Our study presents strengths like to be the first to provide an overview of the status of SRHR issues and concerns among Venezuelan migrant women (aged 18–49 years) in Brazil, including availability and delivery of services, barriers to service uptake and related challenges in Brazil. The sampling size and sample selection allowed for adequate generalisability of these findings to the larger Venezuelan migrant women in Brazil. On the other hand, one limitation is the unwillingness to disclose sensitive information related to SRH practices, service utilisation and health facility records by women.

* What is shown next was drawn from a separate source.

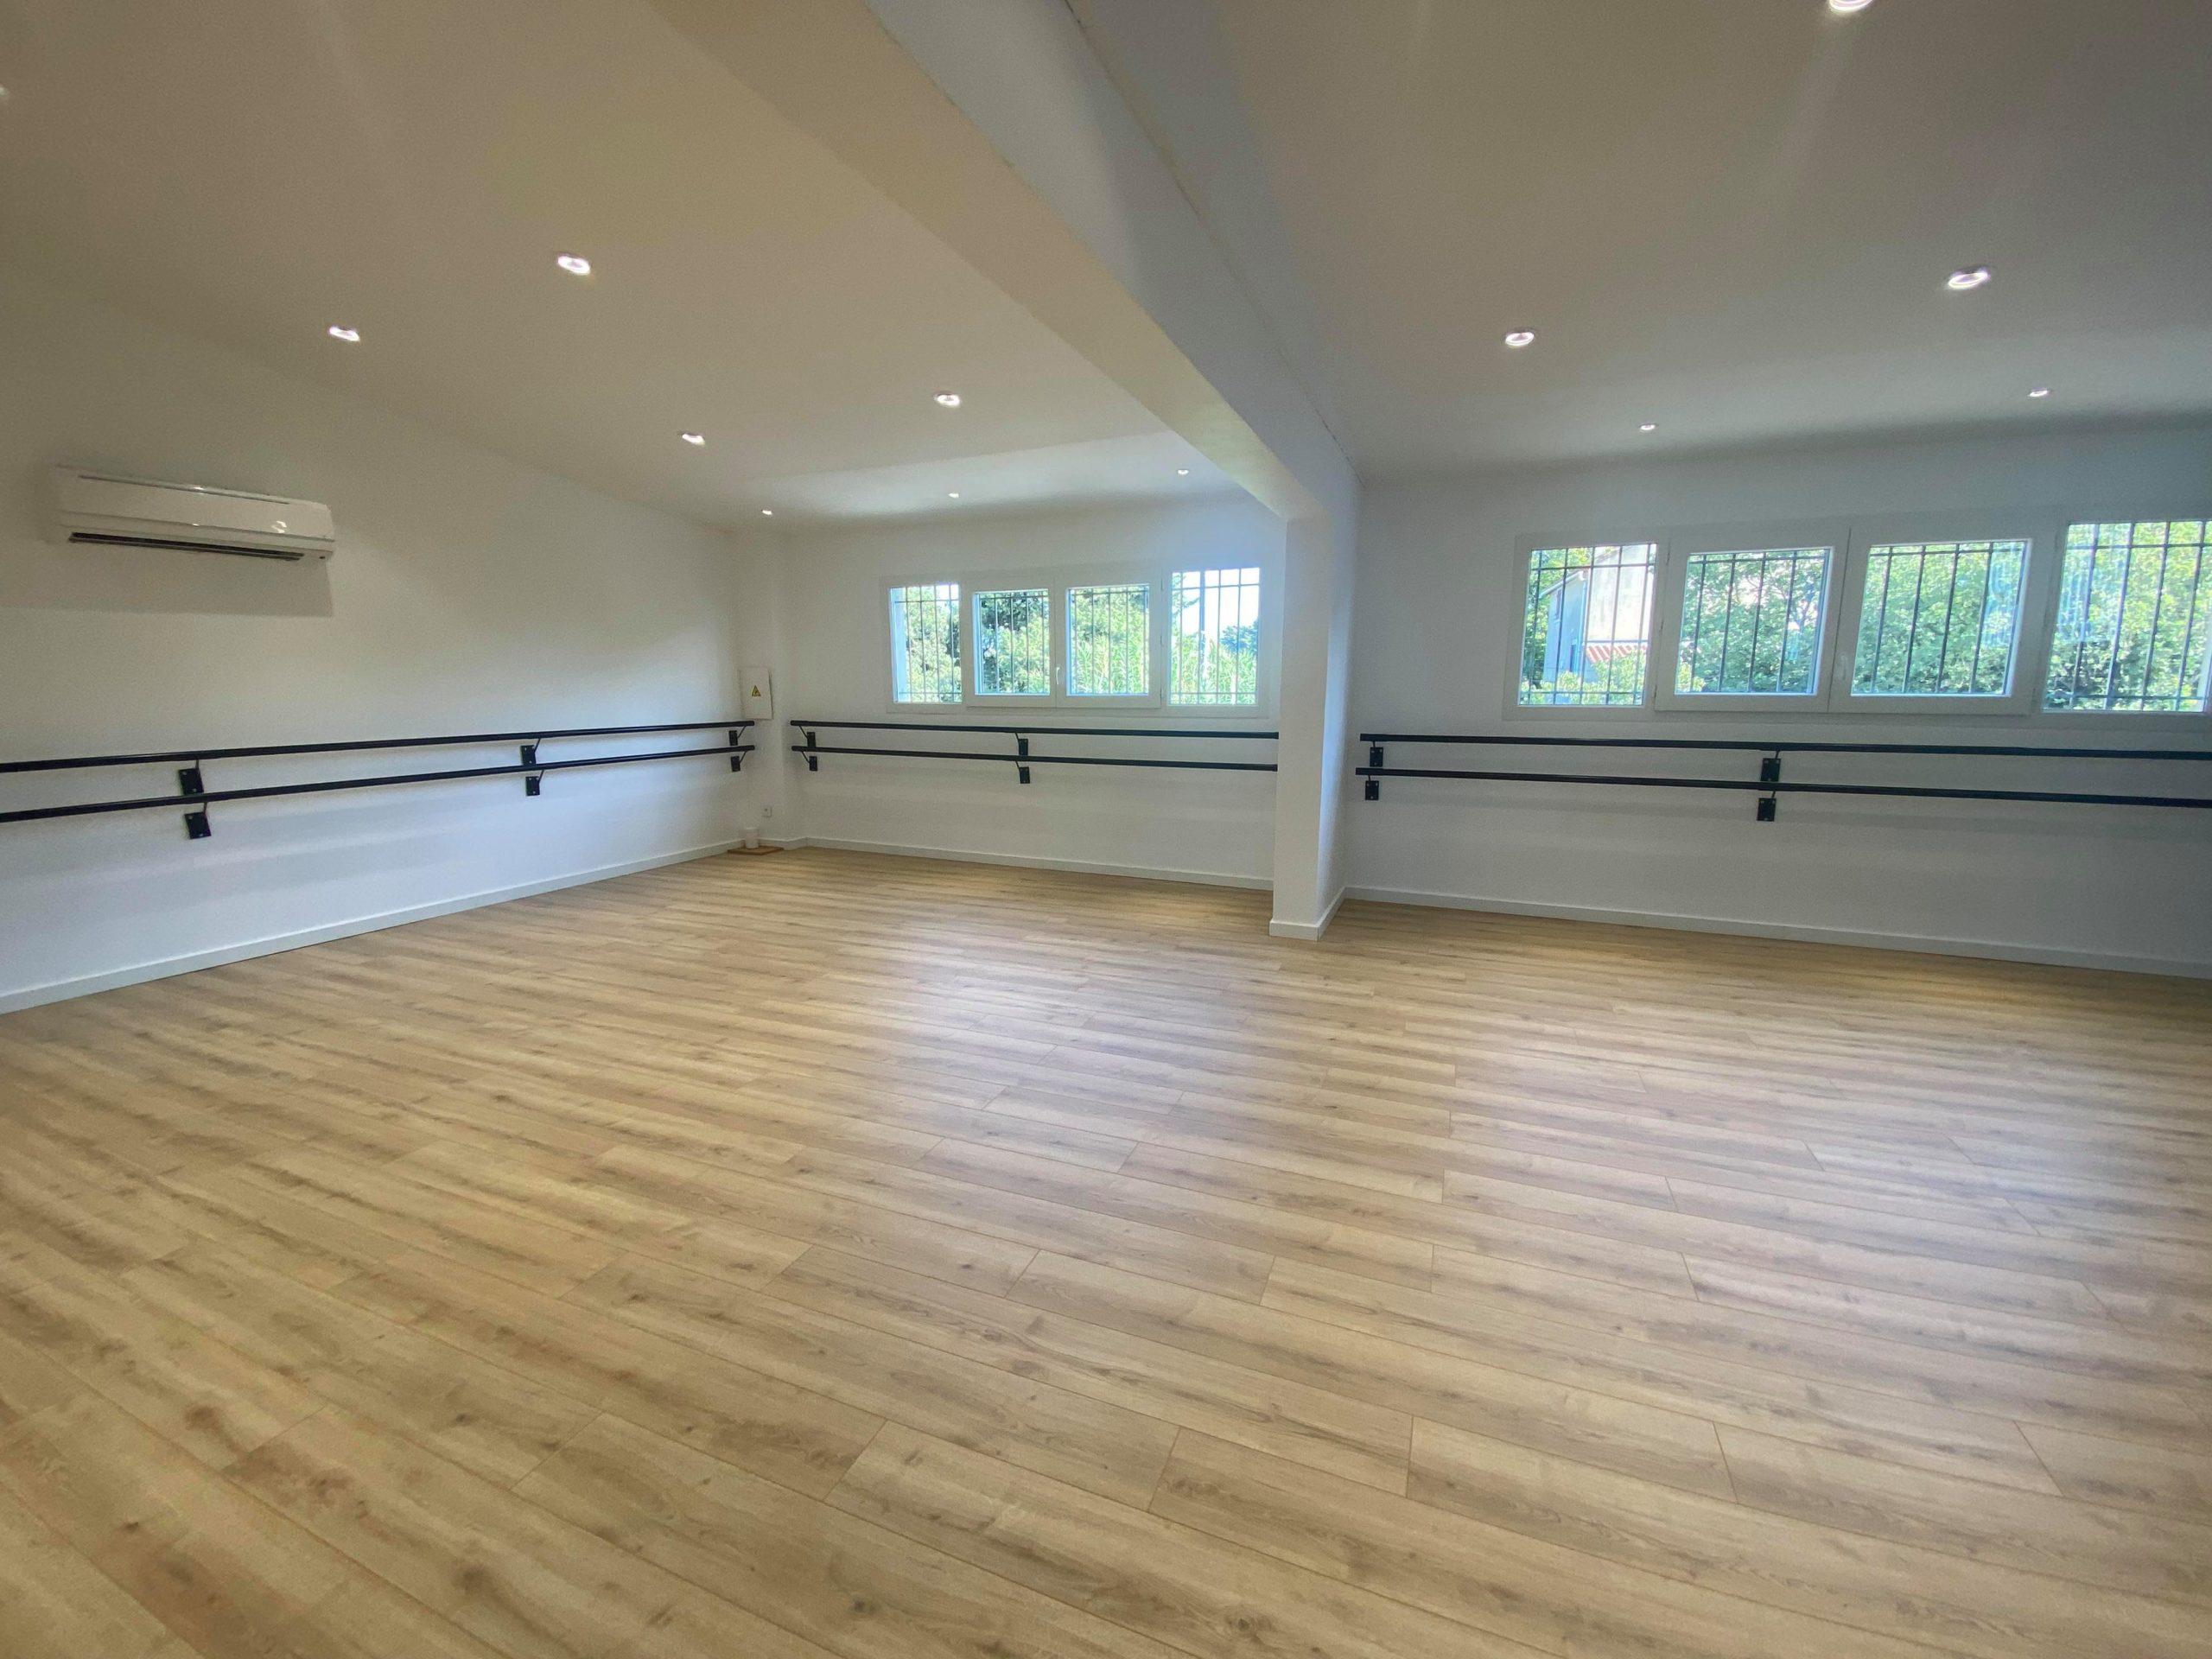 école de danse carla raiess à ollioules

The phenomenon of the migrant population from Venezuela to other Latin American countries poses important SRH challenges and the burden of communicable diseases36. Ensuring access to the MISP and more so the essential SRH services with in the MISP indicated above, during Covid-19 response, could present a unique opportunity among this women migrant population, as it will allow for testing of symptomatic migrant women and simultaneously effective contract tracing. Thus, the provision of these needed services could also assist in controlling the spread of this epidemic in this migrant population37,38.
In summary and congruent with the results here in, to be able to respond more responsibly to the identified SRH challenges here in, we need to identify essential health priorities for these migrant’s women and address the potential associated barriers. This should be paralleled with adequate sensitisation and mobilisation of all multilateral organisations, policy makers and stakeholders to save time and resources and to avoid the risks of stigmatisation that could further prevent migrants from timely access and coverage to the needed health care including that of SRH. There are still important gaps to the realisation of girls’ and women’s rights, and migrant women are particularly among the most vulnerable group.